Morvin? …is that you, Morvin? Well, no… but it is a reasonable facsimile of Morvin. Introducing Morvo, the customer service science fair project! Evidently, Morvin built this thing for his Applied Robotics class in Space Kindergarten and he will be using it to make his one-man shifts at the Quickstop a little less overwhelming. This repurposed grill, equipped with state-of-the-art Grease Monkey A.I. and googly eyes, will serve as player two’s avatar in Cosmo’s Quickstop Co-op Mode.

Rather than simply using a recolored Morvin to represent the second player (as seen in our multiplayer announcement gif), we wanted to create an wholly independent character. The idea of using a mechanized Morvin was a perfect solution. Not only was it a great opportunity to design a goofy scrap metal caricature of the protagonist, but the similarity of their bodies allowed us to easily reuse Morvin’s animations to drive the character. This saved us a good amount of production time since Morvin has quite a few animations that would otherwise have to be remade from scratch.

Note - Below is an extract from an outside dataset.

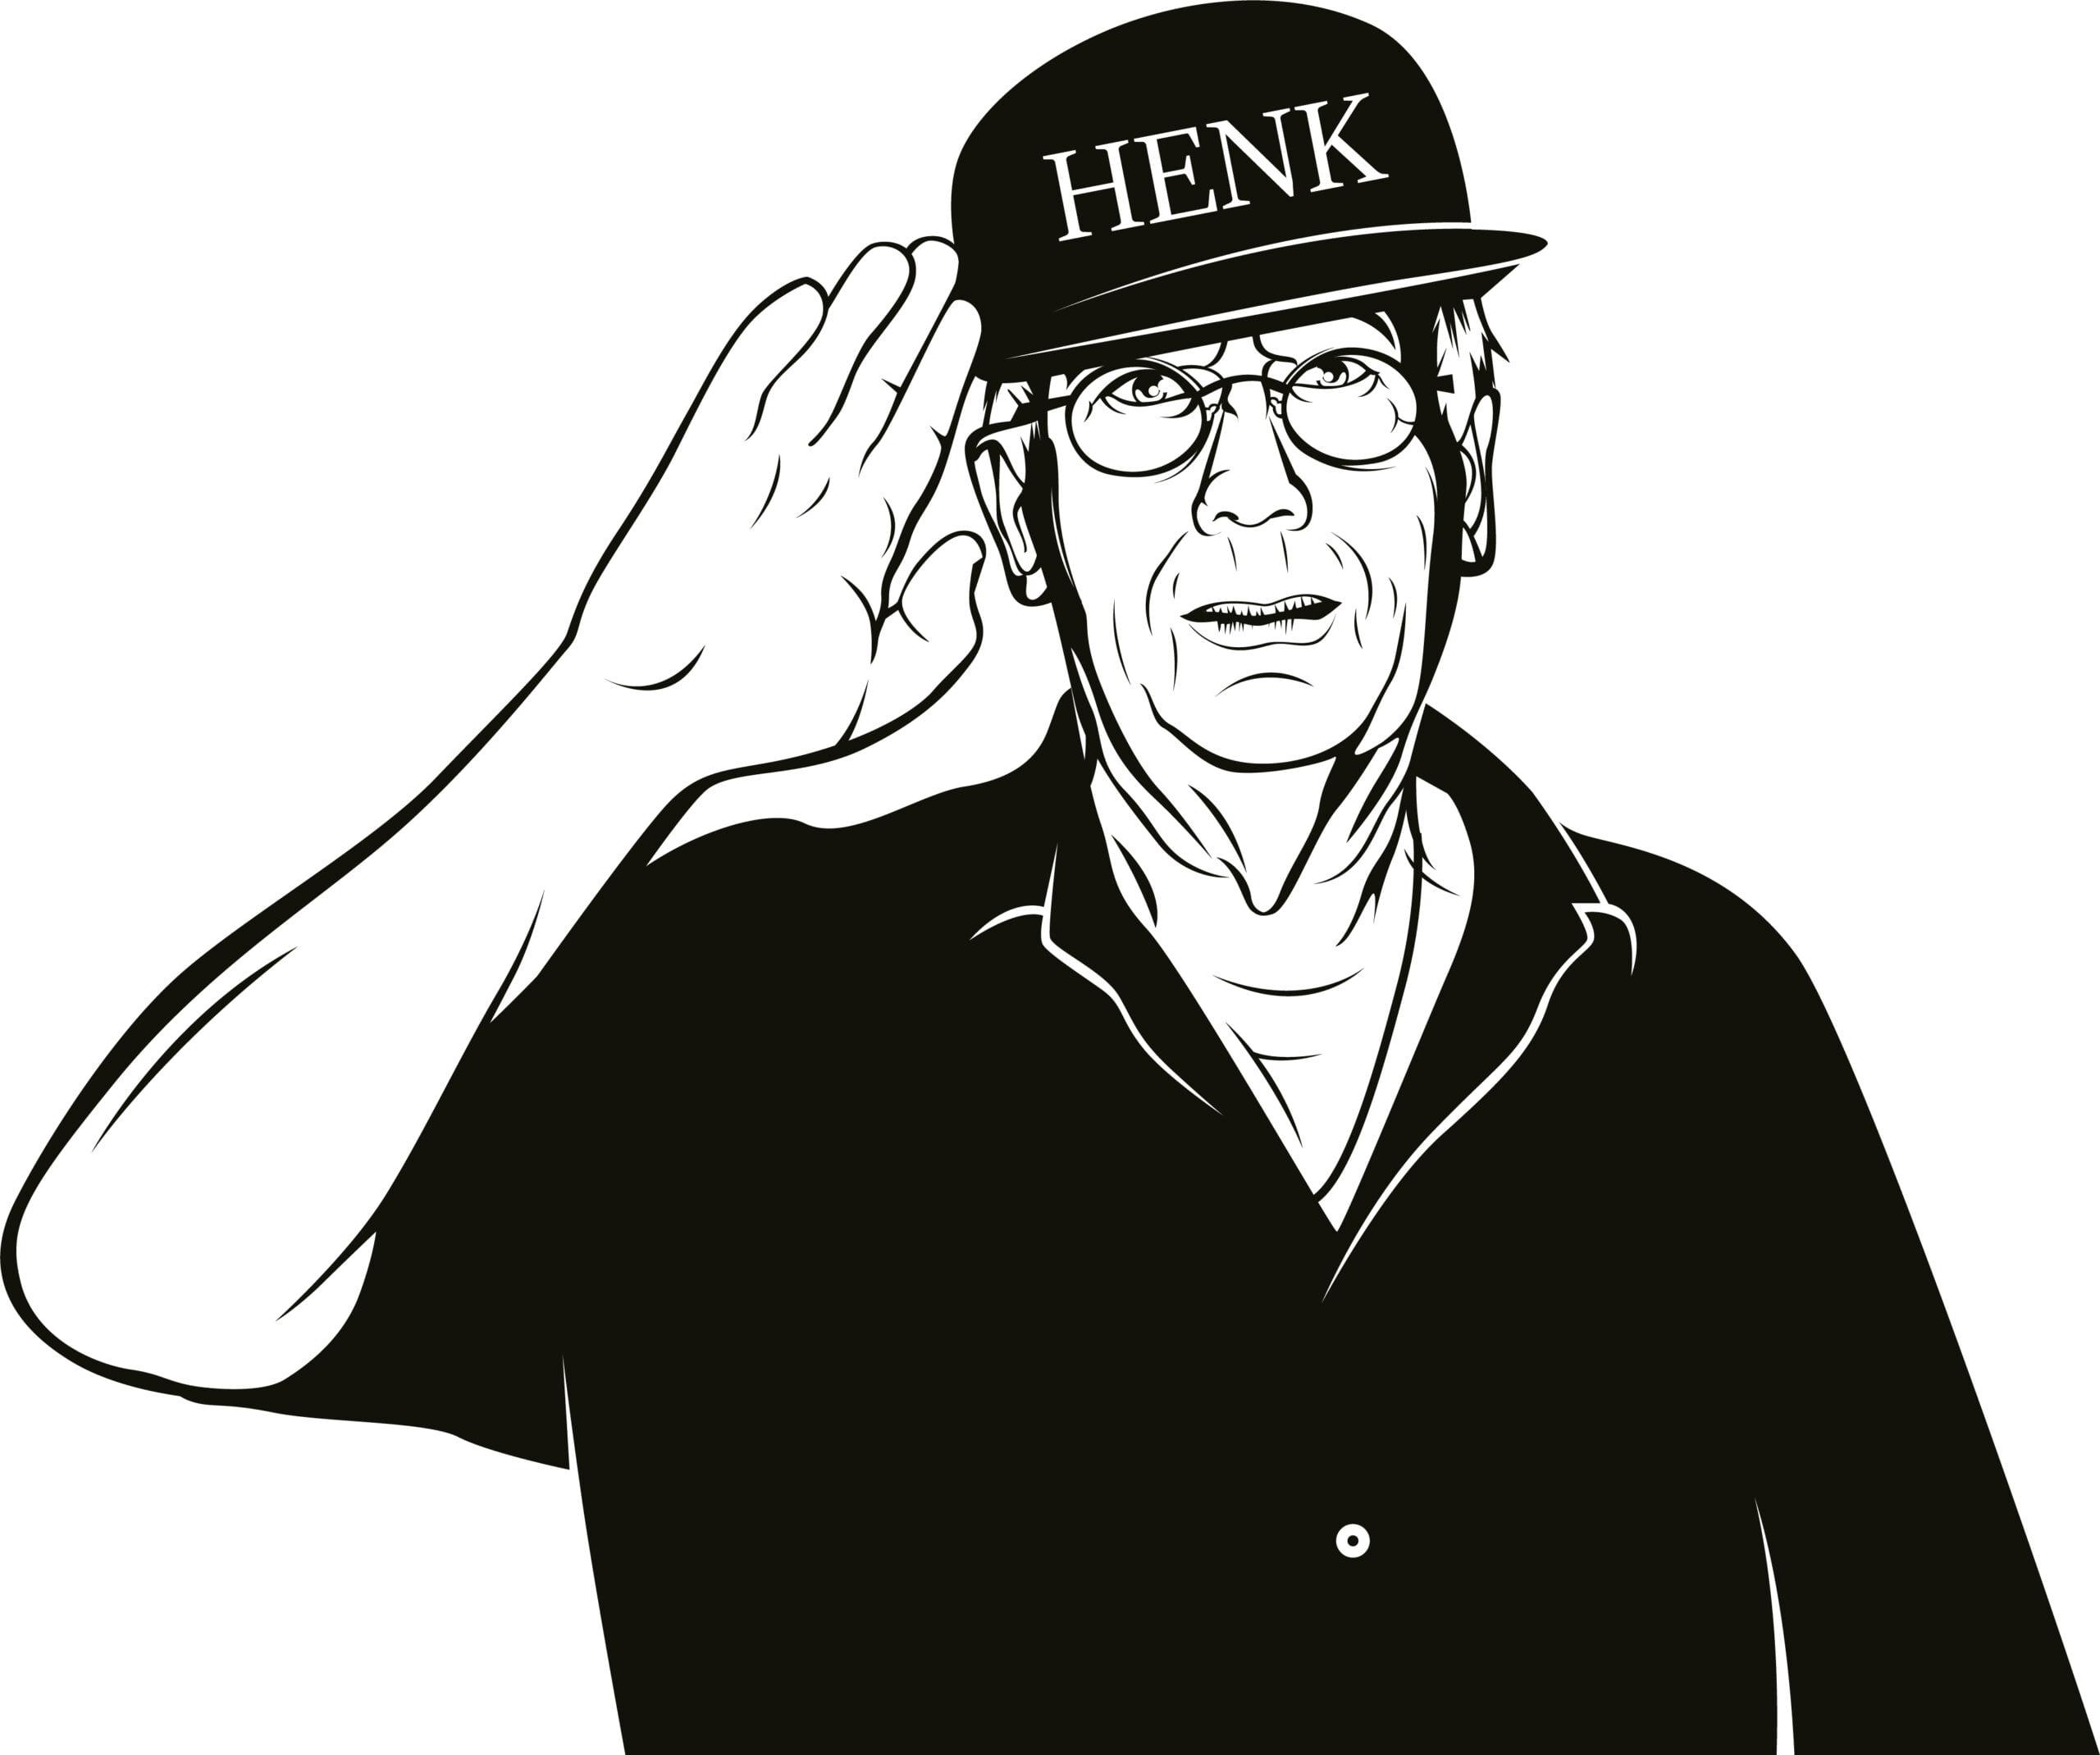 Silhouette Opa Henk

As you can see in the example below, these 3 characters are able to do the same dance in perfect unison since they all share the same skeleton (and showed up to dance practice every week). The character on the right had to be cut from the game since the actor had other contractual obligations.

If I had to say which character was the most fun for me to work on, Morvo would definitely be one of the front runners. From his spatula feet to his hamburger tongue, the whole grill motif of this knock-off Morvin was really enjoyable to develop. Plus I am quite fond of robots, especially janky ones!

This initial concept of Morvo pretty much nailed it, so I went straight into the modeling phase afterwards. A few tweaks occured here and there and we decided to replace those creepy R2-D2 eyes with something more akin to a pet rock. That is googly eyes of course! Not wanting to hand animate or simulate physics to achieve the googly effect, I developed an inexpensive shader to approximate the jiggling pupils, which I’ll explain a bit for the technically curious.

Basically, the shader takes the eye’s position in the 3D world, adds together the values of each axis and feeds that into 2 offset waveforms so as the player moves, the shader progresses through the waves. Since the wave outputs are added to the textures UV coordinates, the pupil textures jiggle back and forth as the waves progress. I put in some minimum and maximum offset values to keep the pupils from flying outside of the UV space and I amplified the Y axis input to give the jiggle more sensitivity when the character’s head bounces up and down. While not perfectly accurate, this method is much cheaper on processing power than using a physics-based approach and it succeeds in adding a bit of extra character to Morvin’s robotic counterpart.